Your goal >> Your answer must be the exact lines of the listing below that run from the line with "A biosecurity checklist" to the line with "Les membres de", ends included, and no pictures.

*** Extracted information ***

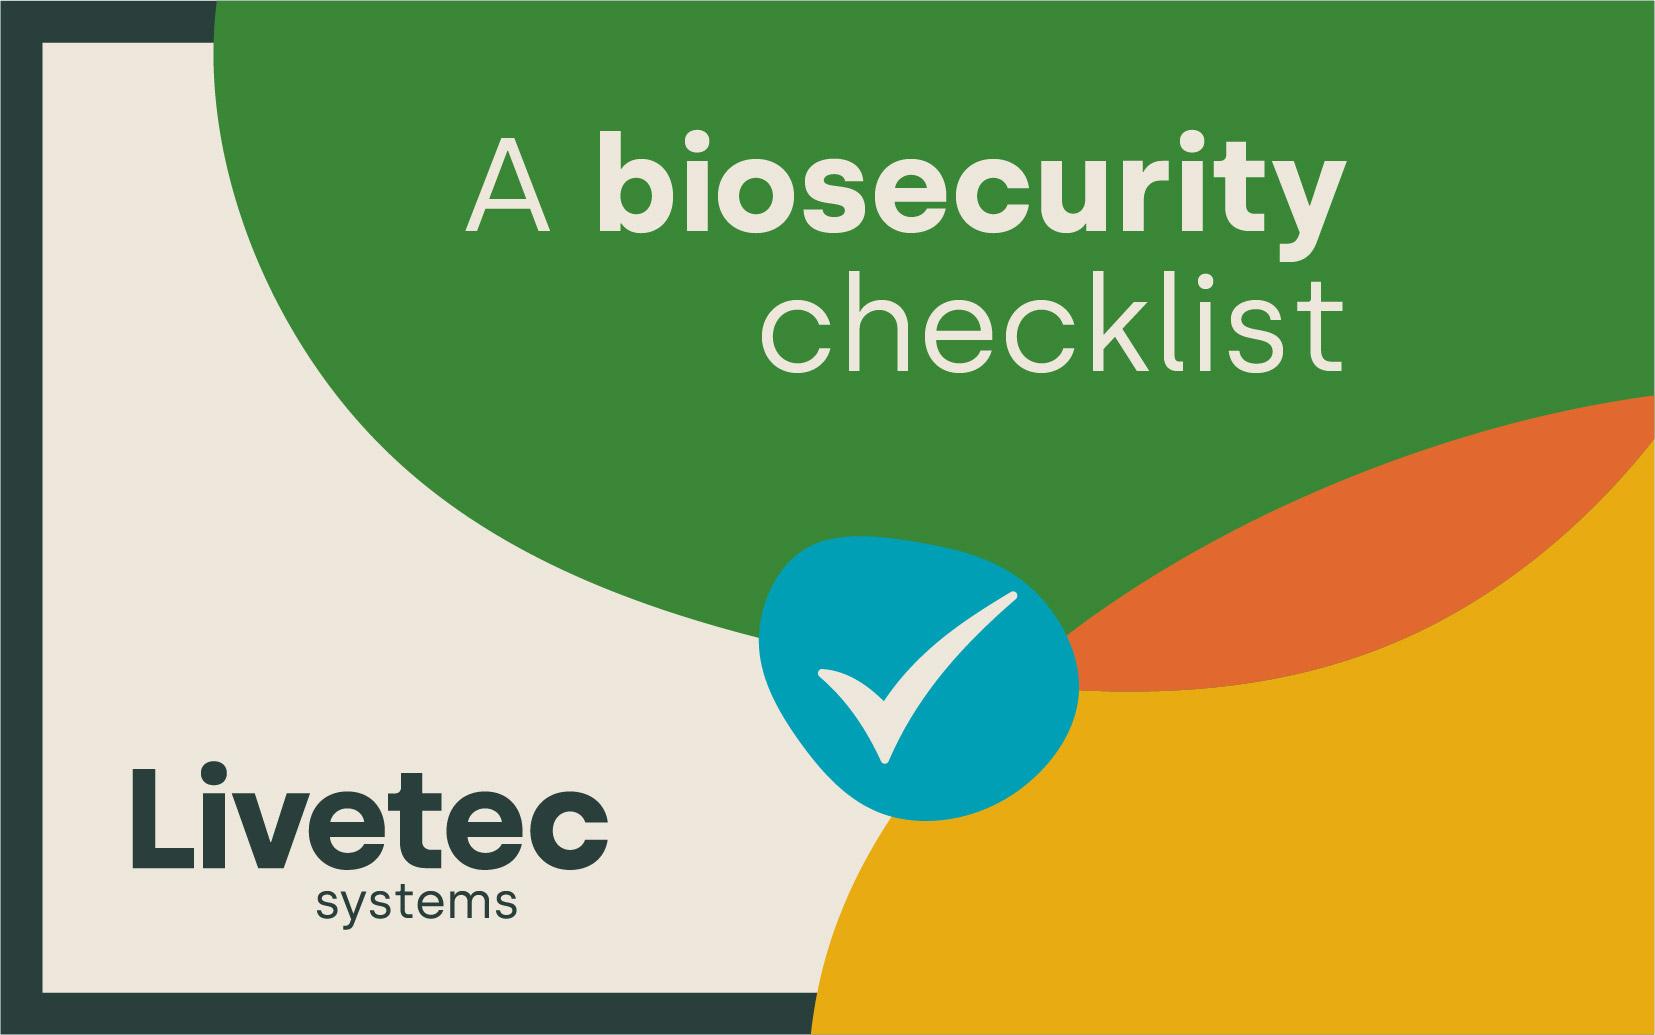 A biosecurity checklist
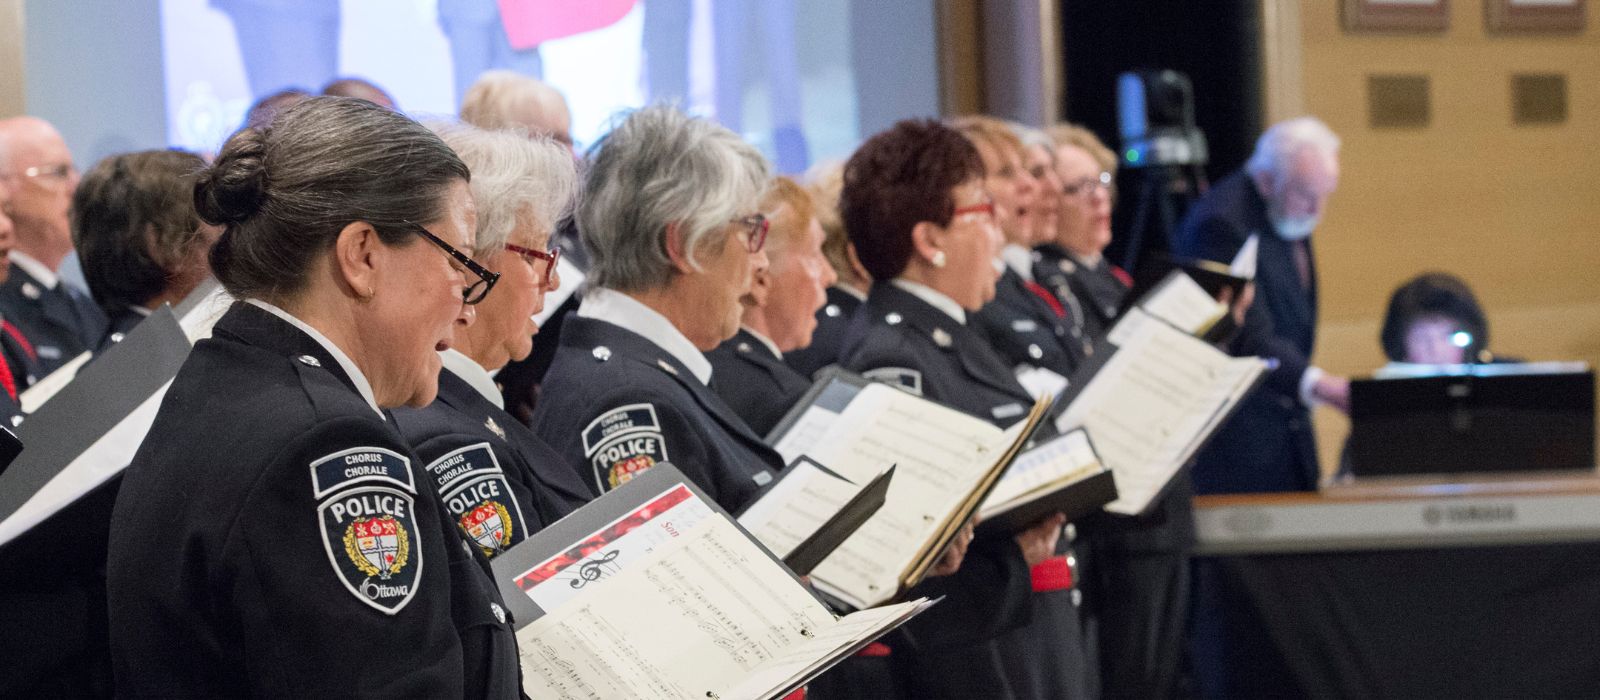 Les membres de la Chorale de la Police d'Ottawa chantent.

*** End of Extracted information ***
*** Extracted information ***

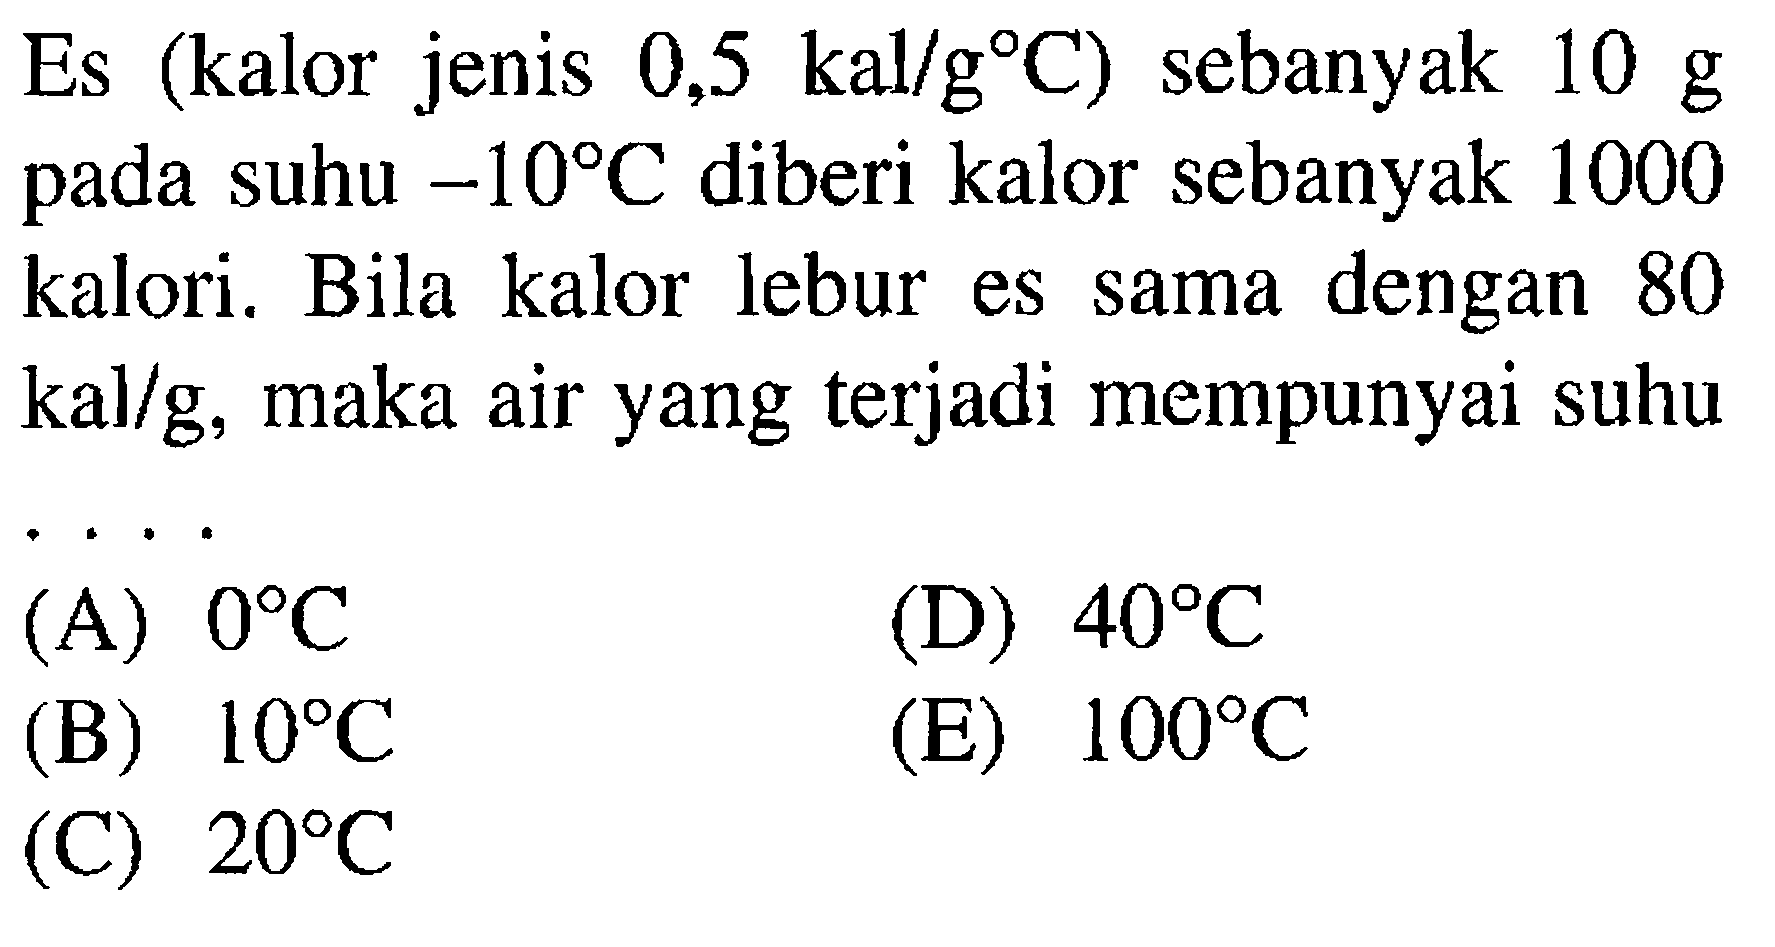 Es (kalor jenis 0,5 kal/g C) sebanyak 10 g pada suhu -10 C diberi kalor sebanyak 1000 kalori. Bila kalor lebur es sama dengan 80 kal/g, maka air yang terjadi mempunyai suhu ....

*** End of Extracted information ***

Result for this task >>
 A biosecurity checklist
 Les membres de la Chorale de la Police d'Ottawa chantent.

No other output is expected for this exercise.